Review — BERT: Pre-training of Deep Bidirectional Transformers for Language Understanding

Pretraining Using BERT, Fine-Tuning BERT for Downstream Tasks

Sik-Ho Tsang
8 min readJan 9, 2022
BERT: Pre-training of Deep Bidirectional Transformers for Language Understanding

BERT: Pre-training of Deep Bidirectional Transformers for Language Understanding
BERT, by Google AI Language
2019 NAACL, Over 31000 Citations (Sik-Ho Tsang @ Medium)
Language Model

  • BERT, Bidirectional Encoder Representations from Transformers, is proposed, to pretrain deep bidirectional representations from unlabeled text by jointly conditioning on both left and right context in all layers.
  • This pre-trained BERT model can be fine-tuned with just one additional output layer to create state-of-the-art models for a wide range of tasks, such as question answering and language inference, without substantial task-specific architecture modifications.

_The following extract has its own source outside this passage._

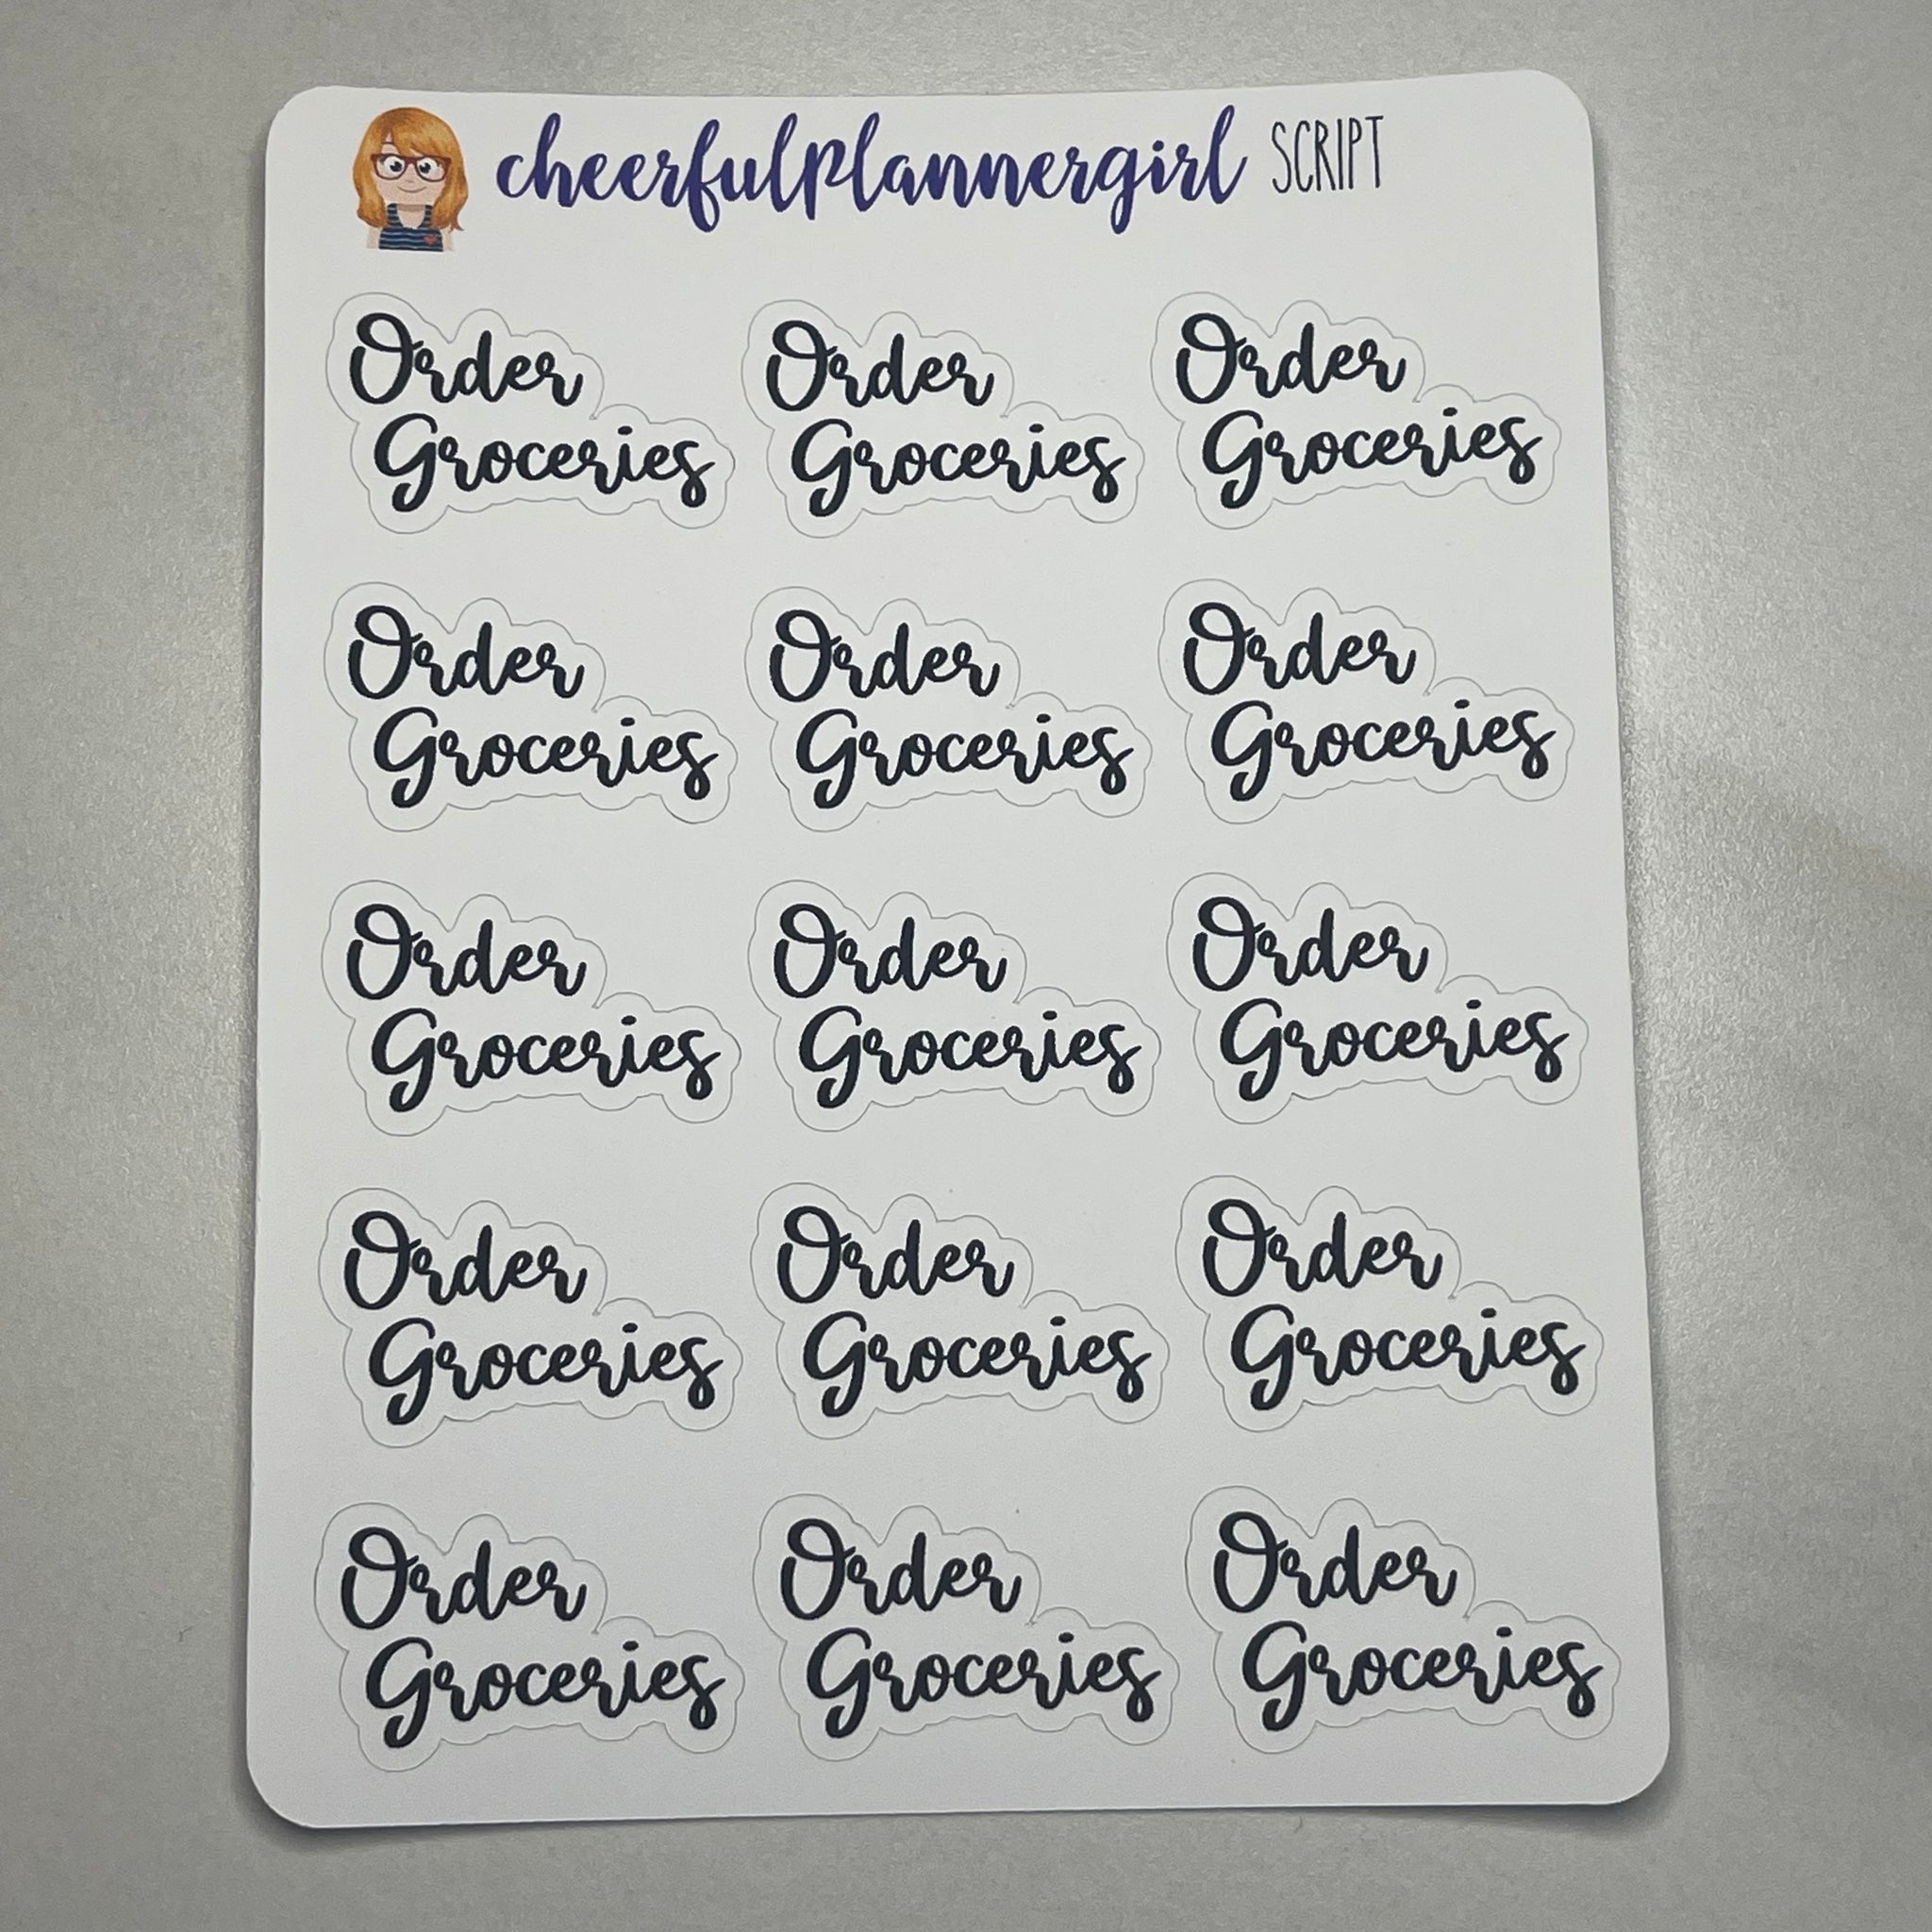 Order Groceries Cursive Script Planner Stickers

This is a kind of self-supervised learning that pretext task is the language model learning while specific tasks are downstream tasks with fine-tuning.


  1. BERT: Bidirectional Encoder Representations from Transformers
  2. Pretraining BERT
  3. Fine-Tuning BERT
  4. SOTA Comparison
  5. Ablation Study

1. BERT: Bidirectional Encoder Representations from Transformers

1.1. BERT Training Steps

  • There are two steps in BERT framework: pre-training and fine-tuning.
  • During pre-training, the model is trained on unlabeled data over different pre-training tasks.
  • For fine-tuning, the BERT model is first initialized with the pre-trained parameters, and all of the parameters are fine-tuned using labeled data from the downstream tasks.

1.2. BERT Model Architecture

BERT uses a bidirectional Transformer. OpenAI GPT uses a left-to-right Transformer. ELMo uses the concatenation of independently trained left-to-right and right-to-left LSTMs
  • BERT’s model architecture is a multi-layer bidirectional Transformer encoder based on Transformer. The implementation is almost identical to the original one.
  • The number of layers (i.e., Transformer blocks) is denoted as L, the hidden size is denoted as H, and the number of self-attention heads as A.3
  • Two model sizes are evaluated:
  1. BERTBASE (L=12, H=768, A=12, Total Parameters=110M), which has the same model size as OpenAI GPT for comparison purposes. BERT Transformer uses bidirectional self-attention, while the GPT Transformer uses constrained self-attention where every token can only attend to context to its left.
  2. BERTLARGE (L=24, H=1024, A=16, Total Parameters=340M).

1.3. Input Representation

BERT input representation
  • To make BERT handle a variety of down-stream tasks, the input representation is able to unambiguously represent both a single sentence and a pair of sentences (e.g., <Question, Answer>) in one token sequence.
  • WordPiece embeddings (Wu et al., 2016) with a 30,000 token vocabulary, is used.
  • The first token of every sequence is always a special classification token ([CLS]).
  • A special token ([SEP]) is used for separation.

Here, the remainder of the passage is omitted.